> [EXERCISE]: With the line containing "LES FACONS D'ETRE, Cornière François de" as the start and the line containing "El podcast de Vale Reyes" as the end, transcribe that span of the entries below exactly, including both.

> [Collected data entries]:
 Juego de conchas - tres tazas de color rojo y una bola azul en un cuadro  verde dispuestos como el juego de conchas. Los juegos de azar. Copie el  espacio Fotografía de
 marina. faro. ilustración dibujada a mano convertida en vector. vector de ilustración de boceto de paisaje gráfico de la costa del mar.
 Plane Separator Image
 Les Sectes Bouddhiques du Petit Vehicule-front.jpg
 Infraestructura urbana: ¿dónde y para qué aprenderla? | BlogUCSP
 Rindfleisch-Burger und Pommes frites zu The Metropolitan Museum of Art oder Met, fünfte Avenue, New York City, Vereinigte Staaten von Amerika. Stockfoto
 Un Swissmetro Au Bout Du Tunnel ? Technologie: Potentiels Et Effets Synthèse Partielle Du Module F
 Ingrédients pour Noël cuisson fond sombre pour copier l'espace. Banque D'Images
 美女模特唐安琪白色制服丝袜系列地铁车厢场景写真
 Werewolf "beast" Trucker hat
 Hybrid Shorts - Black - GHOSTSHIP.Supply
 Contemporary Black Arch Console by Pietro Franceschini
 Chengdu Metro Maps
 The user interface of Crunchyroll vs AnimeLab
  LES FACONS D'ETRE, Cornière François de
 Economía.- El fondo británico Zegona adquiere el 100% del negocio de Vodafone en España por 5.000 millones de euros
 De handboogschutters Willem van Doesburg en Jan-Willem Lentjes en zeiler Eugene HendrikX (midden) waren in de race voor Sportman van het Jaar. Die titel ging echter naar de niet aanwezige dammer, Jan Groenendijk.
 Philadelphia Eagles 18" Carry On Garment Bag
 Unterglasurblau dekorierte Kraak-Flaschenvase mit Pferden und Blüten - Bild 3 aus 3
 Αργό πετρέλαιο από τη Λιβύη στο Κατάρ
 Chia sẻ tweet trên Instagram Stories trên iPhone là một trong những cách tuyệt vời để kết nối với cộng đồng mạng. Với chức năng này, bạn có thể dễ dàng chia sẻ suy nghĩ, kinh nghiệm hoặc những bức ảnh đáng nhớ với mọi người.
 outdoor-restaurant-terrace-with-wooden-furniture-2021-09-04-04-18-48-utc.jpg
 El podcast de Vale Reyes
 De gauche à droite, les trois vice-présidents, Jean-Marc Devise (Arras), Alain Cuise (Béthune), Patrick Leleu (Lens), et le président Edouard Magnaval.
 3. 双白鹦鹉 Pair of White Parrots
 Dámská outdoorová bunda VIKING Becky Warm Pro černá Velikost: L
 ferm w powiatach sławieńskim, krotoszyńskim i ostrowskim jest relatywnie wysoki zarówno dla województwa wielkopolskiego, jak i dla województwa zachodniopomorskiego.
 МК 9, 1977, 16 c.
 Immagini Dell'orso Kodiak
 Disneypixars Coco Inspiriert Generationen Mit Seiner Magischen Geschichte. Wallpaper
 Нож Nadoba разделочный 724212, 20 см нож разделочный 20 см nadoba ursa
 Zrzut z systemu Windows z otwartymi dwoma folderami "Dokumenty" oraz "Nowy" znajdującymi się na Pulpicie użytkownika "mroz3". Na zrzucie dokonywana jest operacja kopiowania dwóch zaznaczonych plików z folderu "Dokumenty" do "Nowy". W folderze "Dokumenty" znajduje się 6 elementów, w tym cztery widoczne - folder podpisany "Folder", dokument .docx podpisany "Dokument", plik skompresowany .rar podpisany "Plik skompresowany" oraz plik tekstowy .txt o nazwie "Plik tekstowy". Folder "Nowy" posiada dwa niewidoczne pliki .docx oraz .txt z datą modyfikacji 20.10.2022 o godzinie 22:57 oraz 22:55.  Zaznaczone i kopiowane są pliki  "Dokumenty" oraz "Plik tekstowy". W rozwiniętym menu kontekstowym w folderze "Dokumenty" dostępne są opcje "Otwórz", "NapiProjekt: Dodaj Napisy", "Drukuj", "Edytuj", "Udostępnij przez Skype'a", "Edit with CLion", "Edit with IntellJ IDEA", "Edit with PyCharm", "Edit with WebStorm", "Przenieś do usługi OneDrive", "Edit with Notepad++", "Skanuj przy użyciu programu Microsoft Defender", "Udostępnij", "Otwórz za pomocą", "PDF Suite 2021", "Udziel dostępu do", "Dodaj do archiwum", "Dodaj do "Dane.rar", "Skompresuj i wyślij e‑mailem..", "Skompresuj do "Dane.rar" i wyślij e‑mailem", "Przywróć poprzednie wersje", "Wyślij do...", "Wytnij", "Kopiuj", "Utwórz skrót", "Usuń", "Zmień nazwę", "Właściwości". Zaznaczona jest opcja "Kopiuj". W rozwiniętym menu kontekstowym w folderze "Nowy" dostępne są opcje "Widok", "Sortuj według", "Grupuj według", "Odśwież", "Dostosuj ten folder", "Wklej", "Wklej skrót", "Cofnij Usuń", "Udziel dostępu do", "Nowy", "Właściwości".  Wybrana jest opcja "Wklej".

> [RESPONSE]:
  LES FACONS D'ETRE, Cornière François de
 Economía.- El fondo británico Zegona adquiere el 100% del negocio de Vodafone en España por 5.000 millones de euros
 De handboogschutters Willem van Doesburg en Jan-Willem Lentjes en zeiler Eugene HendrikX (midden) waren in de race voor Sportman van het Jaar. Die titel ging echter naar de niet aanwezige dammer, Jan Groenendijk.
 Philadelphia Eagles 18" Carry On Garment Bag
 Unterglasurblau dekorierte Kraak-Flaschenvase mit Pferden und Blüten - Bild 3 aus 3
 Αργό πετρέλαιο από τη Λιβύη στο Κατάρ
 Chia sẻ tweet trên Instagram Stories trên iPhone là một trong những cách tuyệt vời để kết nối với cộng đồng mạng. Với chức năng này, bạn có thể dễ dàng chia sẻ suy nghĩ, kinh nghiệm hoặc những bức ảnh đáng nhớ với mọi người.
 outdoor-restaurant-terrace-with-wooden-furniture-2021-09-04-04-18-48-utc.jpg
 El podcast de Vale Reyes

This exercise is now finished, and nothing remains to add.